His entire career in the media has been characterized by rich-frat-boy flamboyance and testosterone-driven excess, from publicly cheating on each of his three wives to bragging about leering in the dressing rooms of teen beauty pageants to his faux “successful businessman” routine on NBC. Today, though, nobody is shocked, amazed, or impressed; more Americans pity him than are in awe of his proclaimed masculinity.
The one aspect of his public persona that hasn’t much changed is his naked racism, although even that has become boring. He’s now desperately trying to slice-and-dice the American electorate so he can pit separate groups of people against each other or suck up to whatever faction he thinks might save his doomed candidacy.
He’s trying to appeal to boomers by saying he’ll repeal the income tax Reagan put on Social Security; it’s not working because boomers remember that every one of the four budgets his administration produced when he was president called for radical cuts in Social Security.

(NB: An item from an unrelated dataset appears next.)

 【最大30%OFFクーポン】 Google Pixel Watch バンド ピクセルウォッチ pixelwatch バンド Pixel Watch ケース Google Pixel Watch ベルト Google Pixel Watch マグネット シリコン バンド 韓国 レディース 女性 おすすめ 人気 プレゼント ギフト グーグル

He thinks he can ingratiate himself with Jews by saying that Kamala Harris “doesn’t like Jewish people” when most Americans know she’s married to one. When that didn’t work, he tried sucking up to Benjamin Netanyahu and inviting him to Mar-a-Lago; most Americans realize that both men are spinning political plates in the air as fast as they can to avoid going to prison for corruption. Now he just sounds like an aging antisemite afraid of jail.

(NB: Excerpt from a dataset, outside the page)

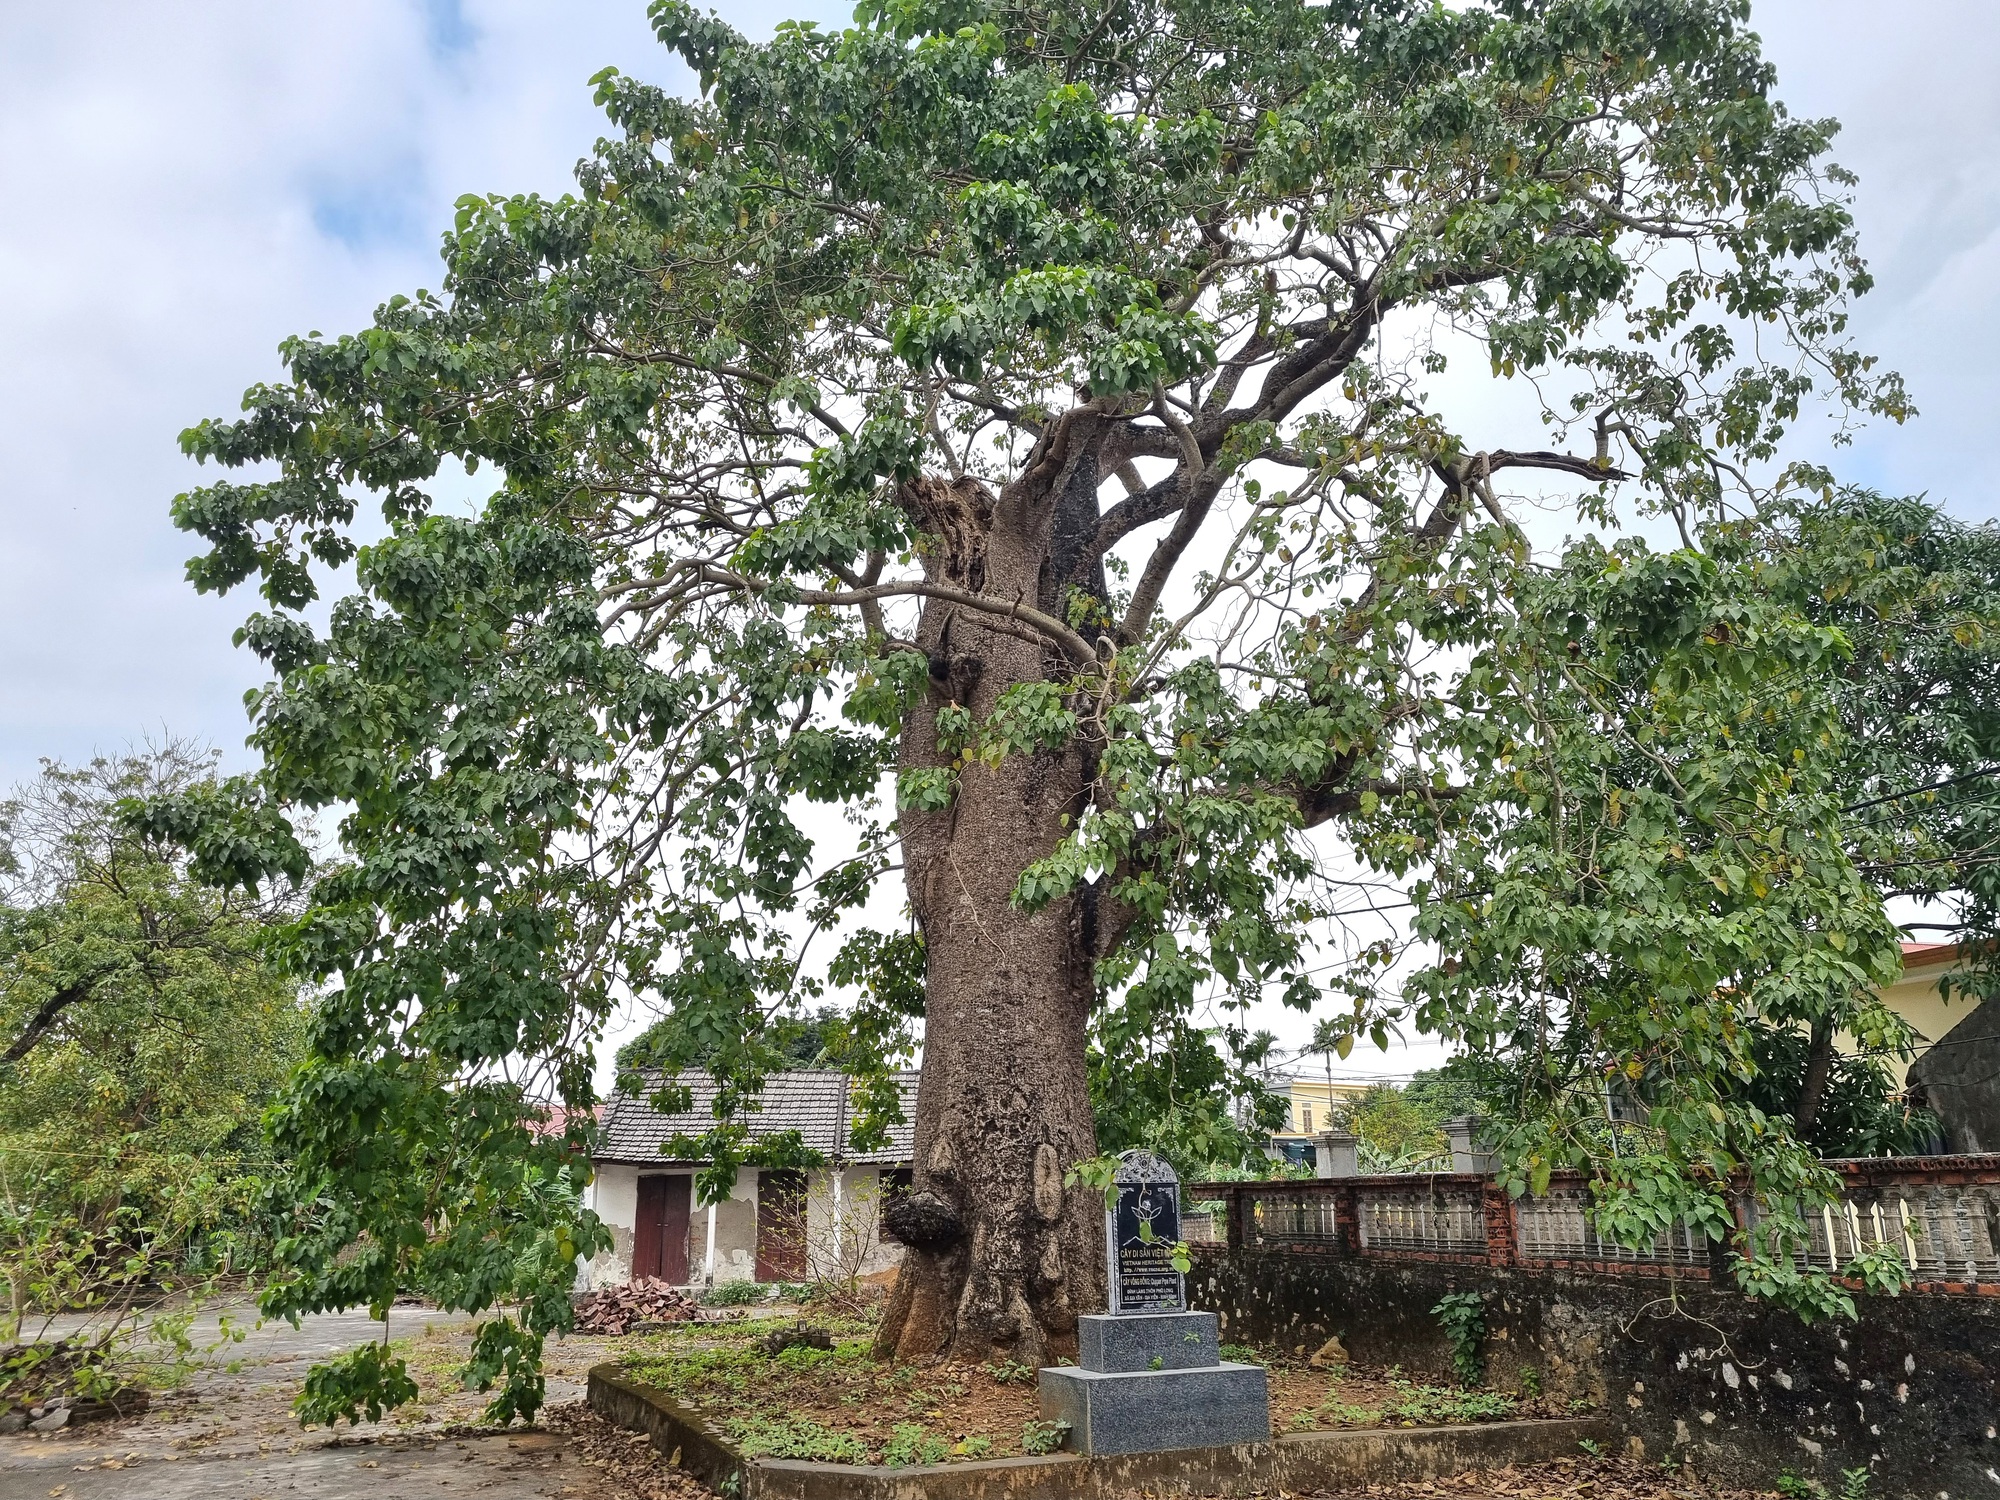 Cận cảnh cây thị cổ hơn 700 năm với thân xù xì, cành lá xanh tốt ở Ninh Bình - Ảnh 8.

He believes young people will swoon when he says he wants to eliminate income taxes on tips, but most young workers are still old enough to remember that in 2020, as the Economic Policy Institute noted in their headline, “Trump administration finalizes regulation that will cost tipped workers more than $700 million annually.”
He thinks trash-talking women, calling them “nasty” and other epithets, will bond men to him; instead, they imagine him bursting in on their mothers, sisters, wives, or daughters in a Bergdorf-Goodman dressing room.

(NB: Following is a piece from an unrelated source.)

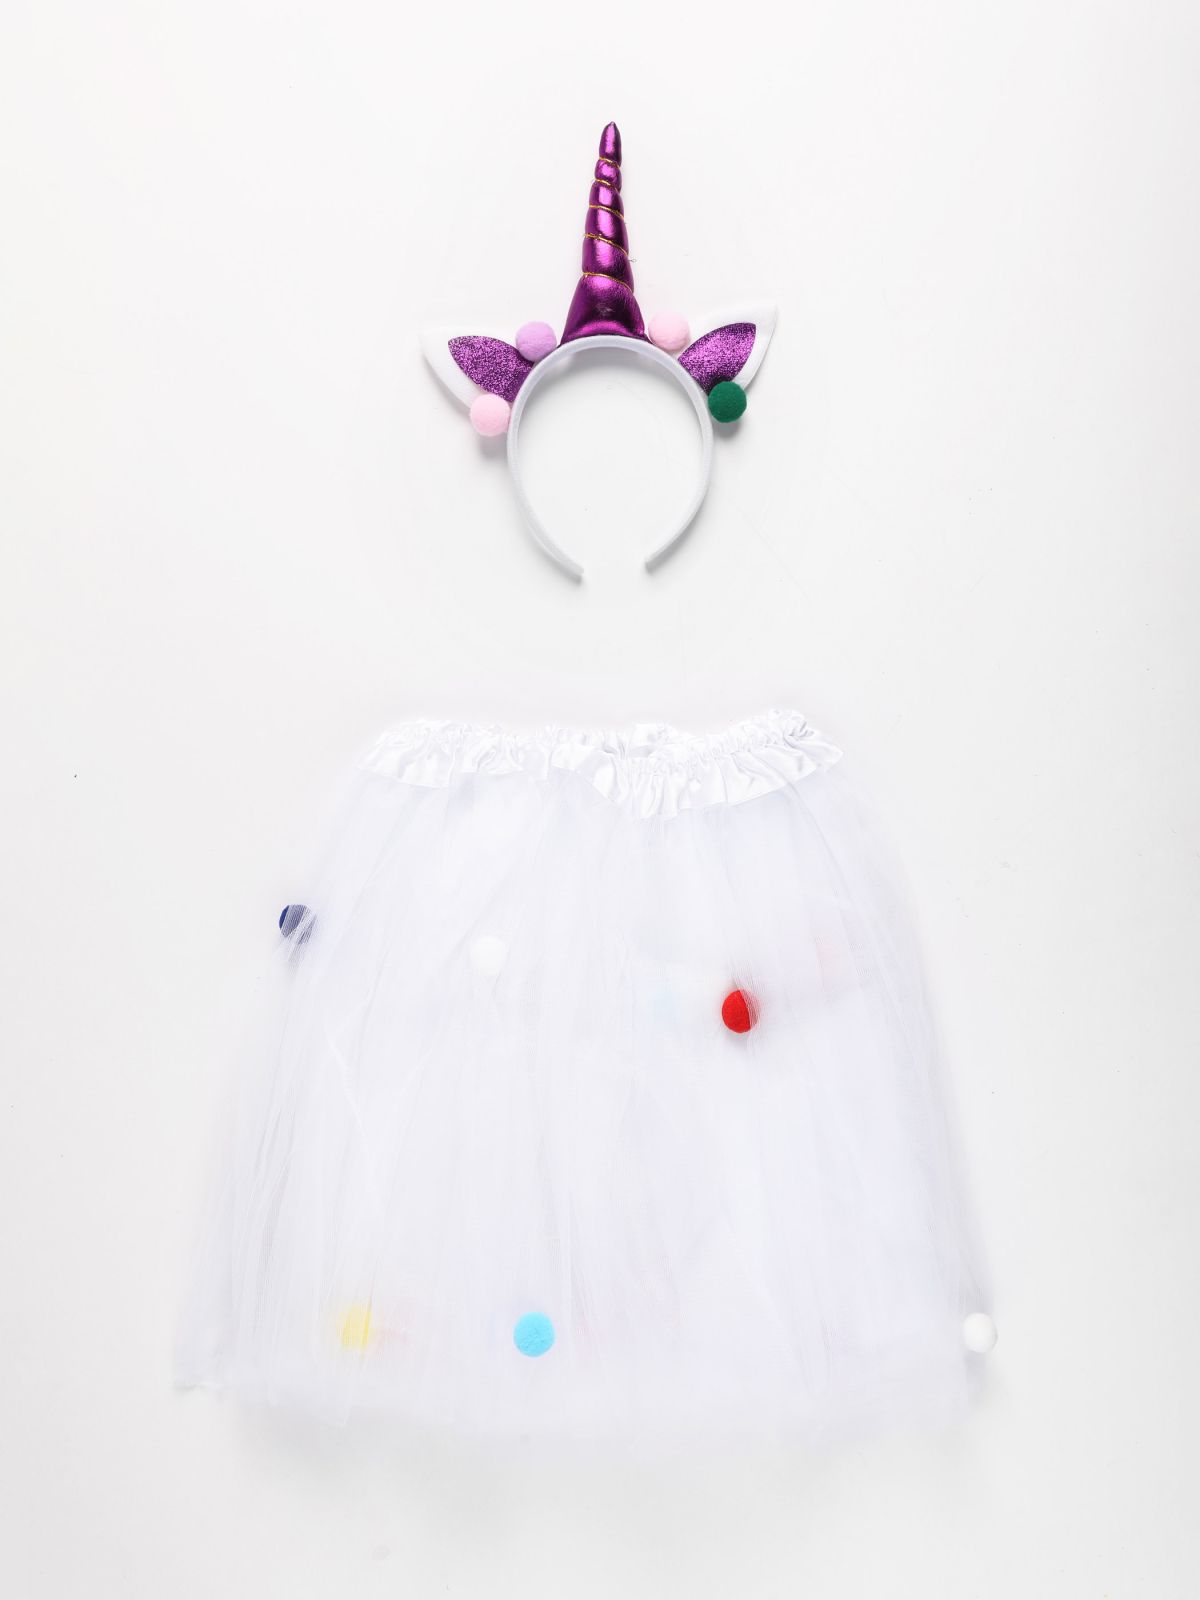  סט קשת וחצאית יוניקורן / Purim Collection של SHOSHI ZOHAR

In each one of these efforts to either turn Americans against each other or slice off and nail down a segment of the electorate, Trump is ignoring what most citizens are fundamentally concerned about: the physical, emotional, and fiscal health of our entire country.
Nobody — outside of his Greene/Gaetz/Boebert fan club in the House — believes his promise to pardon the people who tried to beat over 140 police officers to death is righteous; it just makes him look and sound like a sleazy, washed-up, wannabee mob boss who hates cops.
The only “new” policies Fat Elvis Trump has come up with are those brought to him by billionaires dangling campaign contributions:
— He wanted TikTok banned until billionaire Jeff Yass — the largest American investor in the platform — visited him at his shabby golf motel.
— He correctly pointed out that Bitcoin is a risky commodity rather than a currency until Bitcoin aficionados and billionaires Elon Musk, Joe Lonsdale, Doug Leone, Shaun Maguire, Antonio Gracias, and Cameron and Tyler Winklevoss came to his defense.
He doesn’t have any new vision for America: he just wants to be the star of his own version of The Apprentice, reliving the highlights from his glory days and, of course, keeping himself out of prison by taking control of the Department of Justice.
He oversaw the unnecessary deaths of a half-million Americans, giving America the second-worst Covid death rate in the world because of his incompetence.
He gave us the worst economy since the Republican Great Depression of the 1920s.
He nearly destroyed an international alliance of democracies that it took good men and women across dozens of nations — and two bloody world wars — a century to put together.
Fat Elvis Trump thinks he can keep spinning the old hits, but polls now show that — outside of his elderly white rally audiences — Americans have figured him out, are tired of his cons, and have moved on.
And it couldn’t happen at a better time: A new day is at hand if enough of us will simply show up and vote this November.